## Problem details:
Your task is to repeat all of the data exactly while excluding the pictures.

## Dataset excerpt:
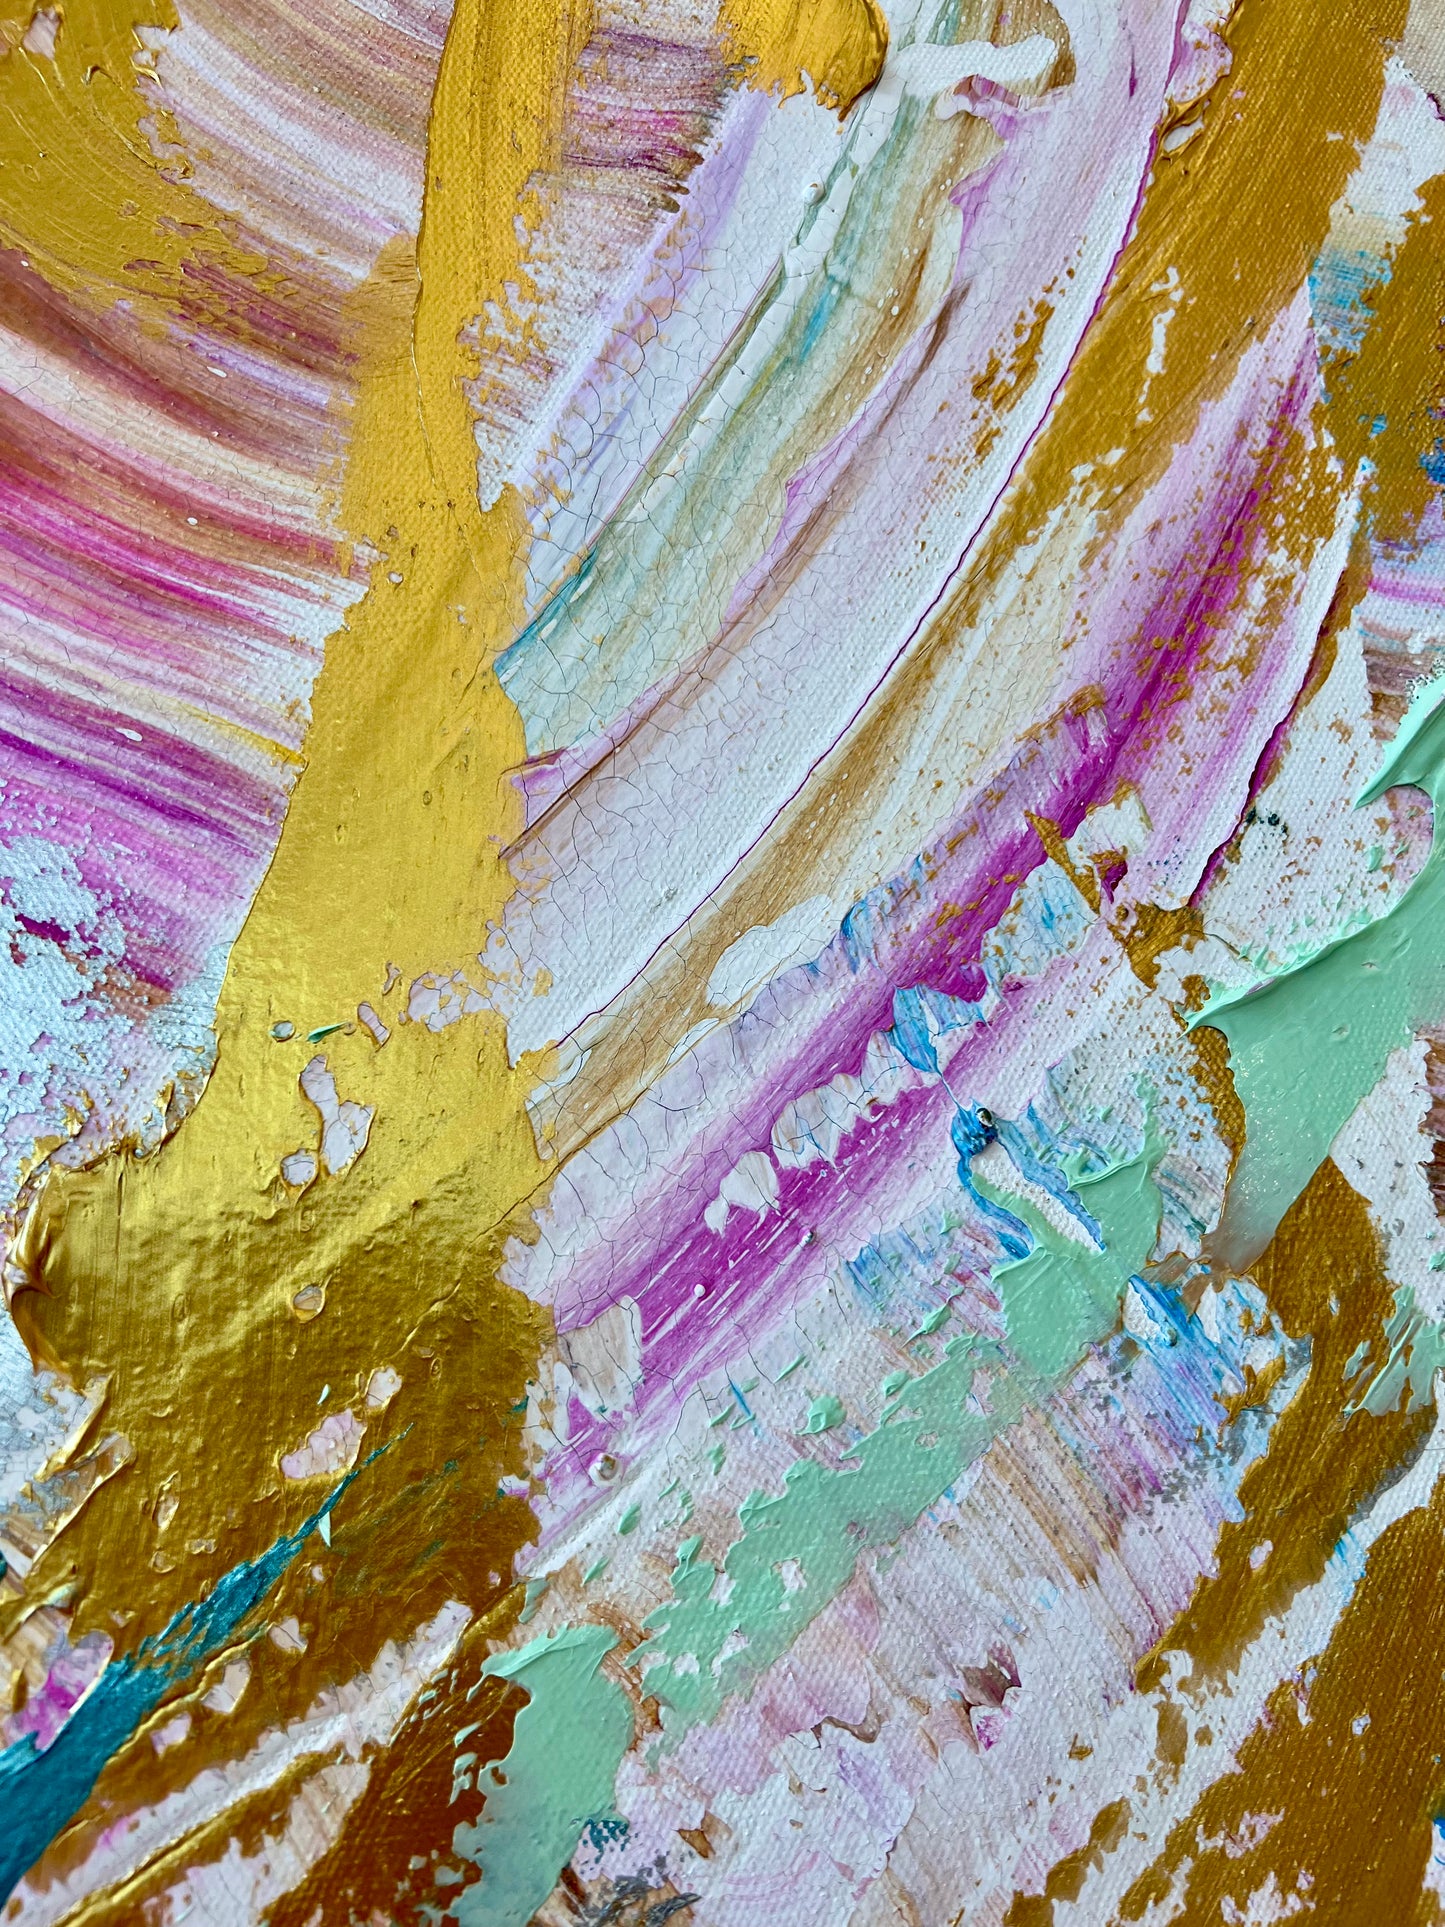 Pastel Swirl / metallic abstract no. 1 / De Fer Troy Hill
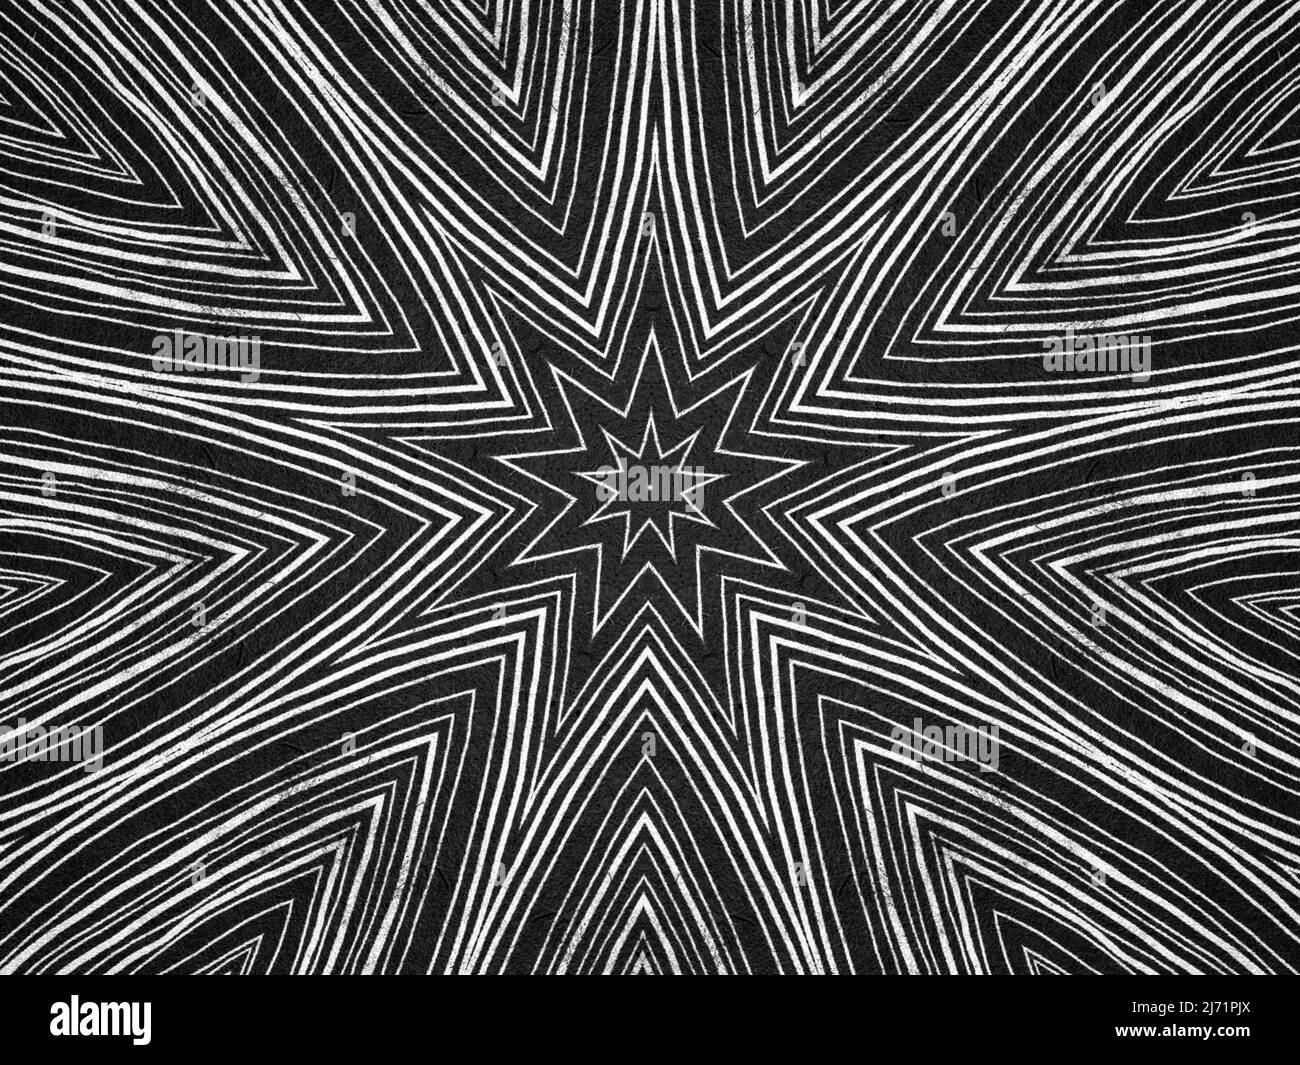 Líneas texturizadas y formas de estrellas patrón psicodélico. Ilustración en blanco y negro. Foto de stock
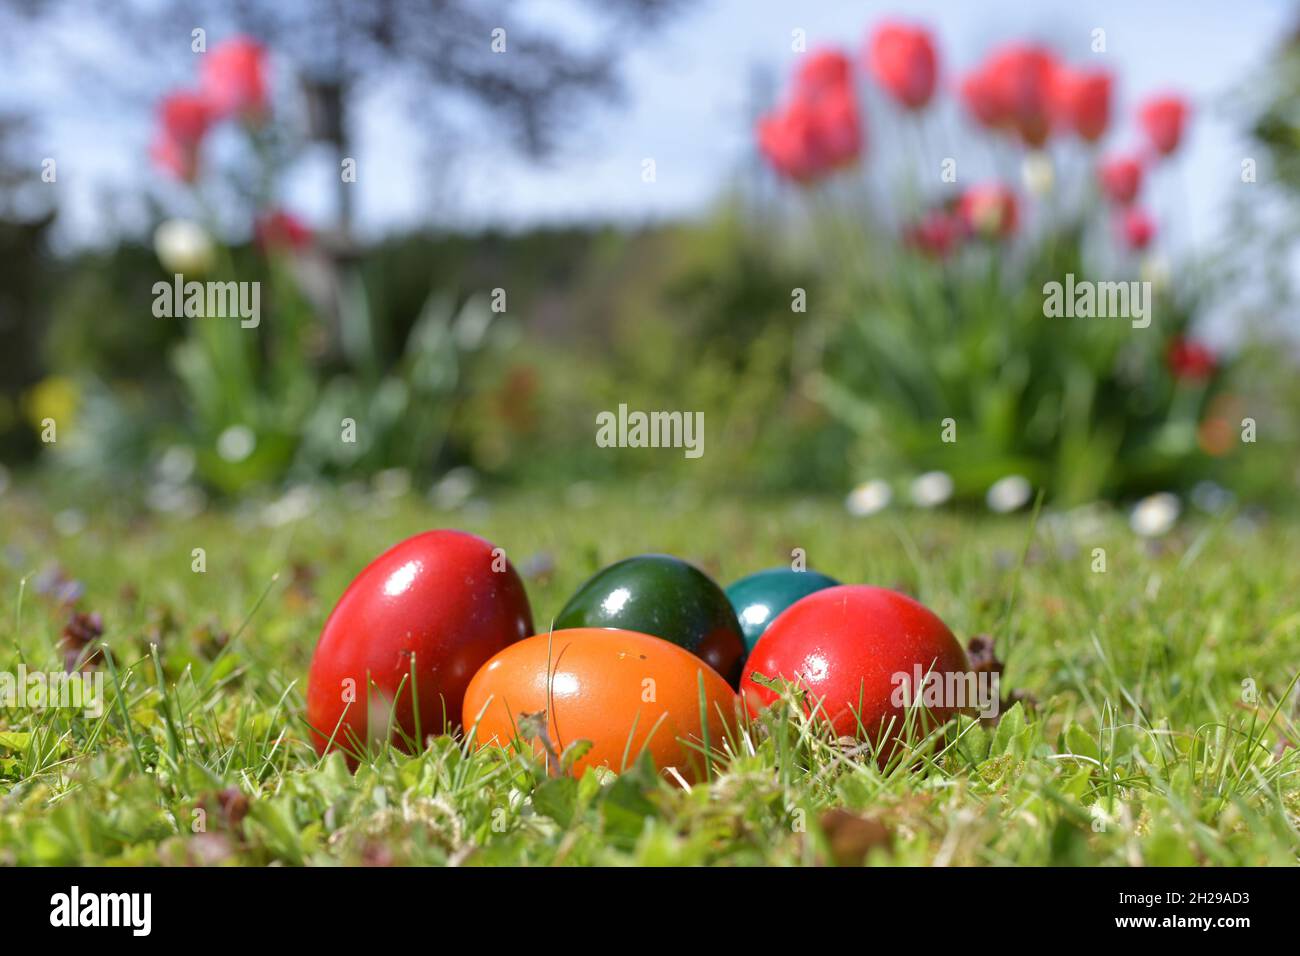 Das Verschenken von Ostereiern ist ein weit verbreiteter Brauch. Die Tradition vom Eierfärben geht bis ins Mittelalter zurück. - Giving away Easter eg Stock Photo
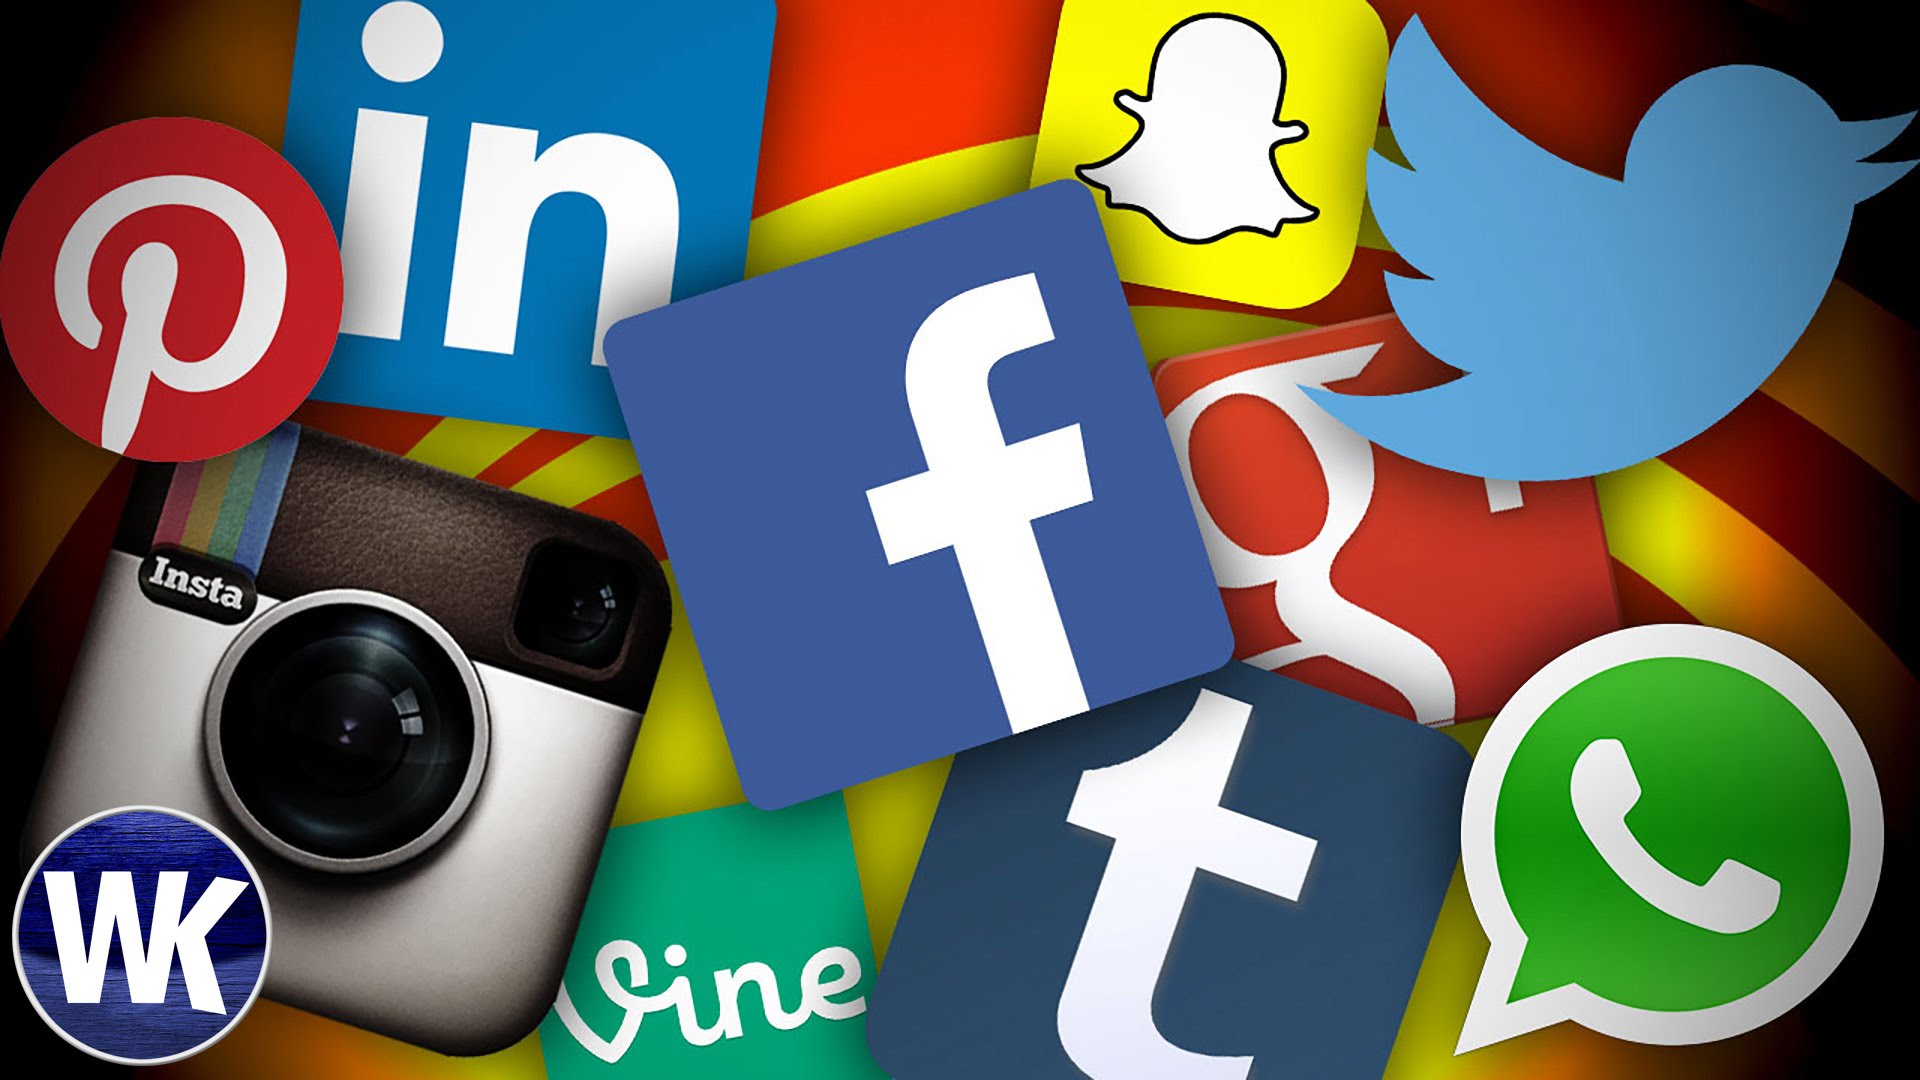 Mãglichkeiten wie schãler social media zu ihrem vorteil nutzen kãnnensocial media lernen

## Exercise output:
 Pastel Swirl / metallic abstract no. 1 / De Fer Troy Hill
 Líneas texturizadas y formas de estrellas patrón psicodélico. Ilustración en blanco y negro. Foto de stock
 Das Verschenken von Ostereiern ist ein weit verbreiteter Brauch. Die Tradition vom Eierfärben geht bis ins Mittelalter zurück. - Giving away Easter eg Stock Photo
 Mãglichkeiten wie schãler social media zu ihrem vorteil nutzen kãnnensocial media lernen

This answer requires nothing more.